Corporate scandals- the board is the problem

Companies worldwide face scandals. (In India, we call them scams. I guess the difference between a a scandal abroad and a scam here is that there is retribution in the former and none in the latter).

It's no use exhorting managers to behave better. We must accept that those at the top will have the opportunity to misbehave- and many will use that opportunity.

The answer is for boards to get their acts together. Cliched as it may sound, we go back to corporate governance. I have been arguing for long that the answer lies in board room diversity. This is more than gender diversity (although that is certainly an important part of the answer). It means getting different views and perspectives into the board room. This cannot happen as long as board members are chosen from the same narrow club of retired and serving corporate executives and retired bureaucrats, the people who get to playing cards and billiards in the same elite clubs - when they are not playing games in the board room itself.

British Prime Minister Theresa May seemed to be on to something when she argued for a place for consumers and workers on boards soon after she took over. But British industry has stoutly resisted and we haven't seen much of these proposals. An article in FT writes of how deep the aversion to change runs in the UK:

A ......British government report expressed concerns that worker directors would lead to greater conflict in board discussion, slower decisions and “the risk of decision-making shifting away from the boardroom and into less formal channels”. It was an insight into the kind of boardroom thinking that seeks any excuse to avoid challenge from those with a different perspective. The message was that “we want to continue with things our way and if you make us have these people on our boards, we will simply have the real discussion behind their backs”.

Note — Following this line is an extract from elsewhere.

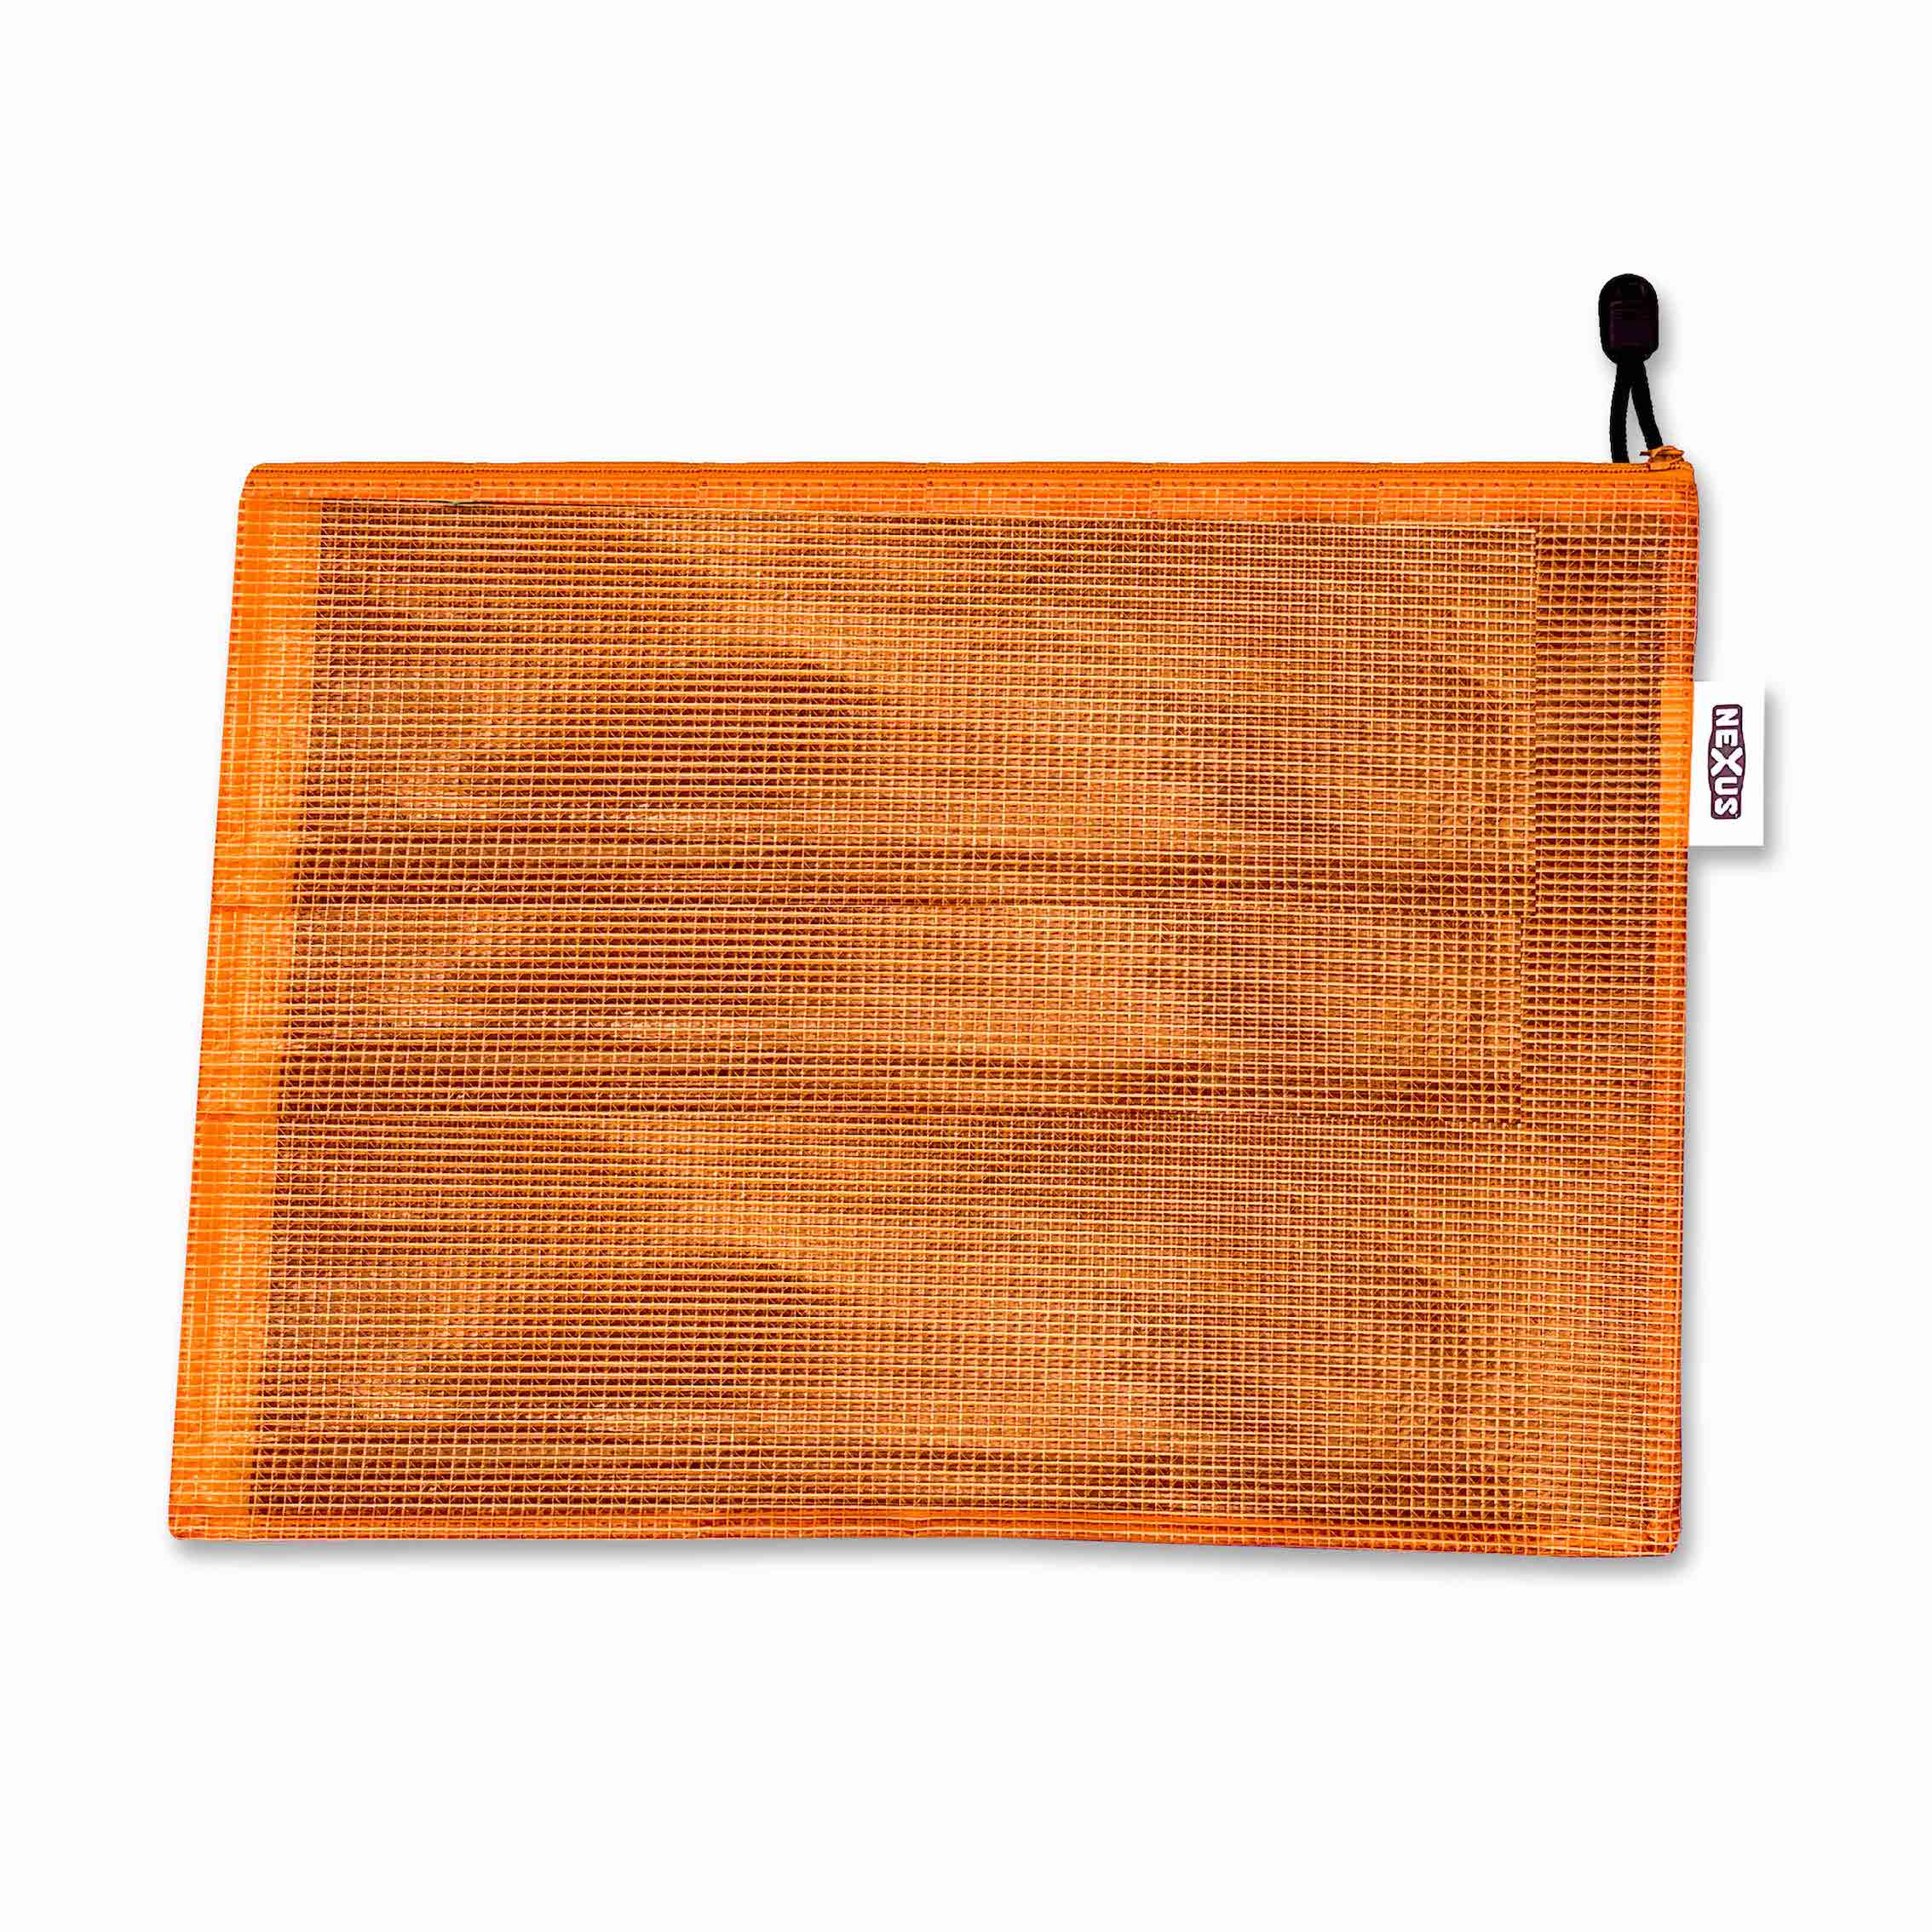 Essential Tough Kit Bag 26cm x 36 cm Orange – 1 pc

.....The corporate elite was far too quick to shout down the idea of worker directors, just as it has been too slow to welcome women and minority groups. In the UK, employees are accepted on to pension trustee boards, where they are often highly commended for their ability to ask the right question and to identify the very heart of a matter. Boards can learn from that and from the limited experience of adding female directors, who have brought a different point of view into the boardroom.  

And what if boards fail to act? Well, governments everywhere have to use the big stick. In India, the government should moot the idea of having SC/ST quotas on boards- in a way, this would amount to worker representation as well. It would a big blow for governance and a blow for affirmative action as well.







1 comment:

Amit Kumar said...

In 2nd paragraph 2nd line it should be "those aboard" in place of "those abroad".